Несколько лет Ермак Тимофеевич зарабатывал на жизнь тем, что сопровождал в компании подобных ему «лихих людей» купеческие караваны, а когда работы не было, присоединялся к какой-нибудь из разбойничьих шаек и общался с купцами уже обратным образом. В те далекие, дикие времена в отличие от сегодняшних, цивилизованных и культурных, разбойничья и государственная службы часто шли рядом, почти рука об руку. Главари больших шаек прекрасно знали, кого трогать можно, а кого – нельзя, с каждой своей крупной операции винились государю богатыми дарами и обычно получали выговор с последующим прощением. Если тому же государю требовалось собрать дружину для военного похода, он вполне мог рассчитывать на помощь крупных атаманов. Так что, если разбойники не заходили слишком далеко и не особенно зверствовали, они вполне могли почти легально «работать» на своей территории. А наиболее умных и перспективных государевы эмиссары находили и вербовали на нормальную цареву службу.

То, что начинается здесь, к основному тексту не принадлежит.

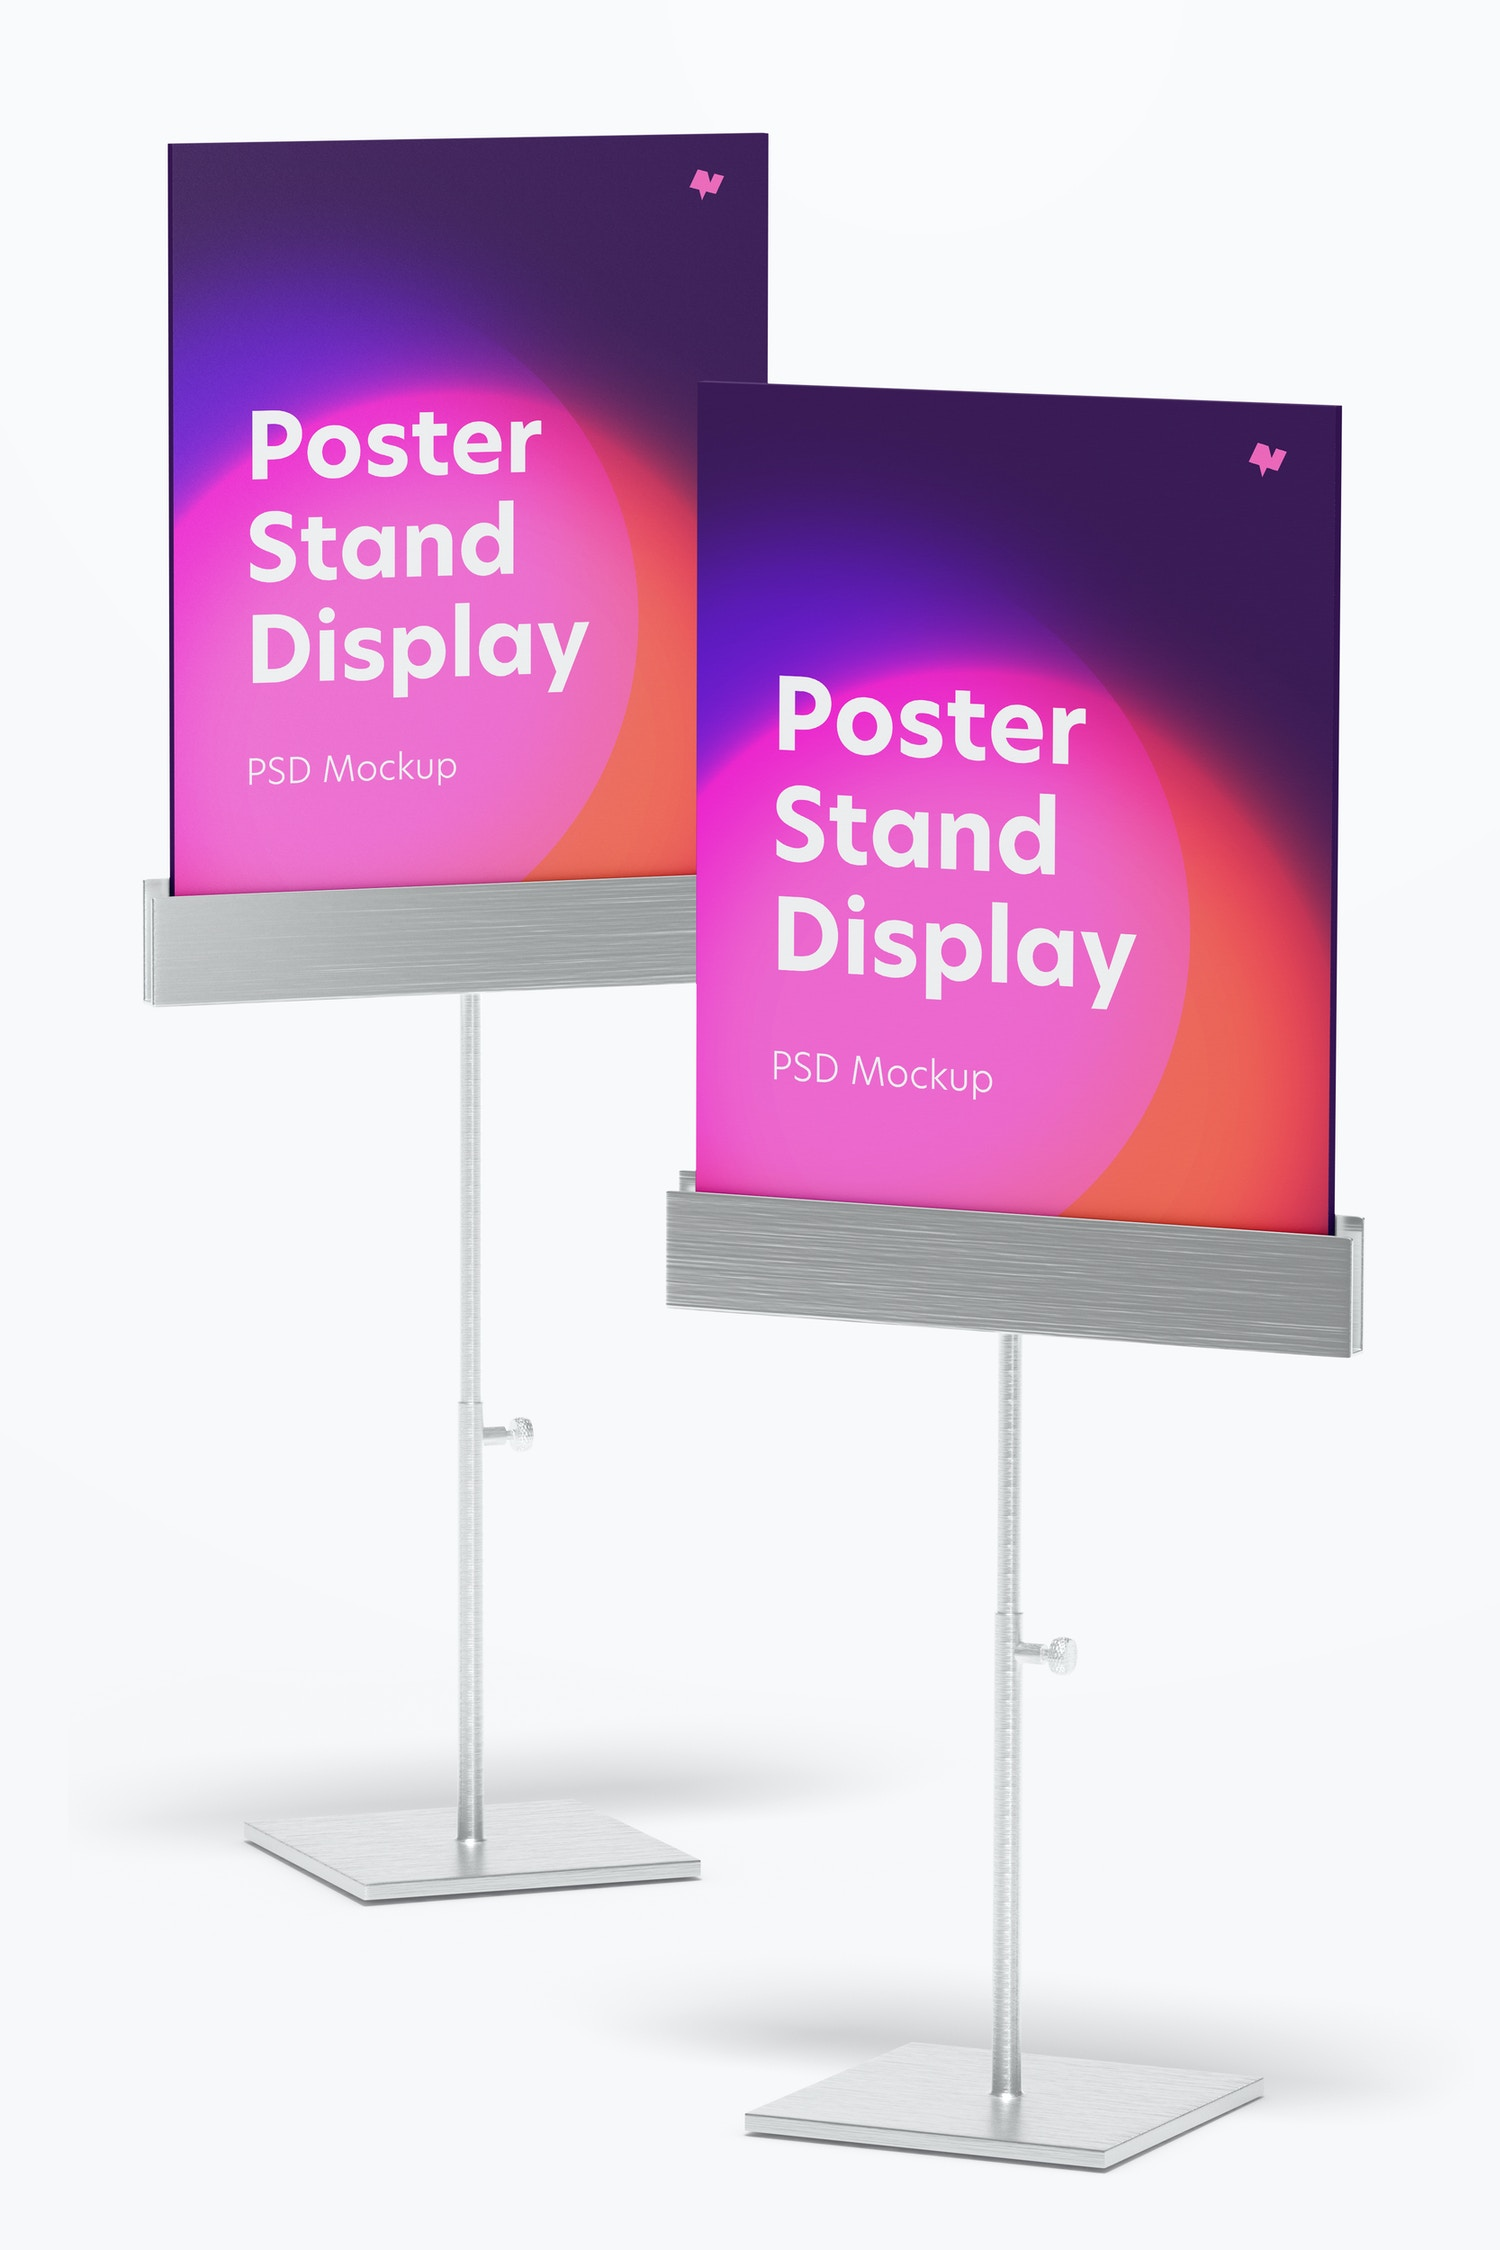 Metallic Poster Stands Display Mockup

В конце концов привлекли к ней и молодого разбойника Ермака Тимофеевича. Он показал себя на службе весьма достойно и уже в 1552 году за смекалку, ум и смелость, проявленные при осаде Казани, был награжден именной золотой царской медалью. Далее он проявил себя как хороший военачальник уже в войне с Ливонией[14], а в конце 1570-х годов (между 1577 и 1580 годами) вернулся на Дон уже в качестве назначенного русским царем атамана одной из казачьих застав.